One of my goals for the study leave has been to read sermons by well-known British ministers in the churches where they served. I realize that may sound a little preacher-geeky... but I am what I am! By week's end I will have completed that project.
I couldn't think of a better source for such material than the 12-volume collection, "Twenty Centuries of Great Preaching." Laurita Benjamin kindly copied the introduction/biographical material and five sermons from each of the four preachers I selected. I chose them because of the variety and quality of their preaching and because their churches were still active places of ministry.

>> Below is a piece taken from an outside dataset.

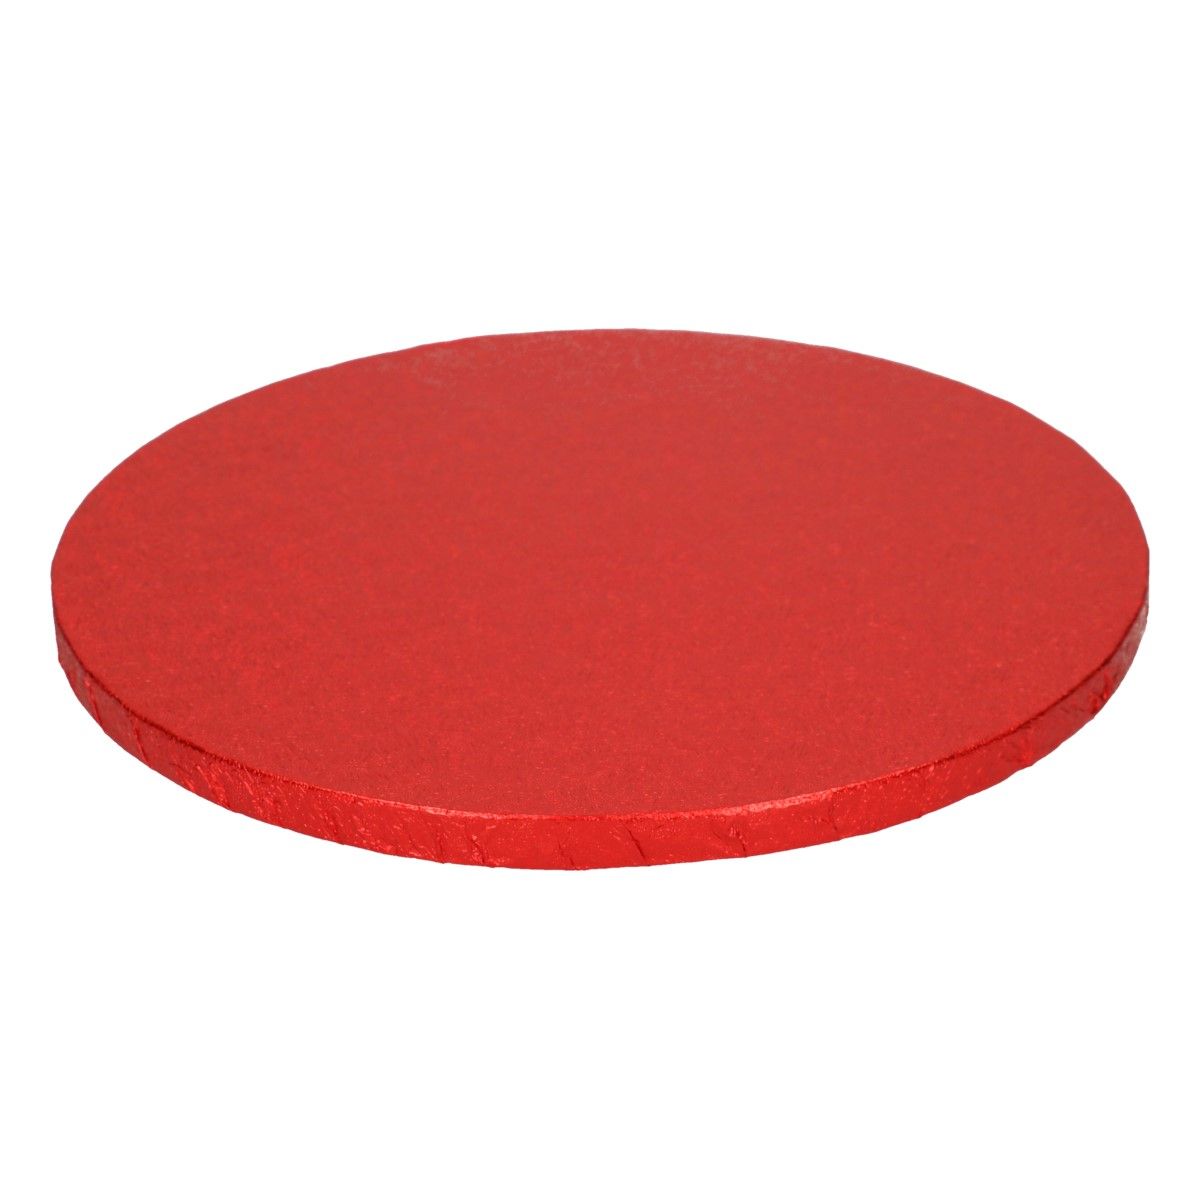 Podnos červený (Red) hrubý O 30,5 cm, FunCakes F80930

David Martin Lloyd-Jones (1899-19181) served for 25 years (1943-1968) as pastor of Westminster Chapel. Lloyd-Jones was successor to the well-known G. Campbell Morgan at Westminster Chapel. The five sermons I read were each expositions of Psalm 73. The verger/custodian wouldn't give me permission to enter the building (I guess he wasn't impressed with my quest) so I read Lloyd-Jones' materials in the courtyard of Westminster Chapel.
Leslie Weatherhead (1893-1976) was for 24 years pastor of City Temple. Weatherhead served this congregation during World War II and was known for his pastoral, life-oriented preaching. I first encountered Weatherhead in college when were were assigned to read The Will of God, which I still find an encouraging resource.
John Wesley (1703-1791) and his brother Charles are best-known as the founders of methodism. Wesley Chapel still functions as a strong church in its community in addition to hosting a mission center and housing the Wesley Museum. It has been said, "He led a religious and moral revival of such extent that the character and course of an entire nation were changed."
Charles Haddon Spurgeon (1834-1892) is my preacher for this week. Known as an evangelist, Spurgeon was pastor pastor of Metropolitan Tabernacle for almost forty years. Spurgeon may have been the first mega-church pastor since they built the 6,000 seat Tabernacle to accommodate the crowds that came to hear him preach. He was a "convinced Calvinist" and today's Metropolitan Tabernacle remains a large and active ministry teaching from a reformed perspective. Even after reading Spurgeon I struggle with the whole calvinism/evangelism issue.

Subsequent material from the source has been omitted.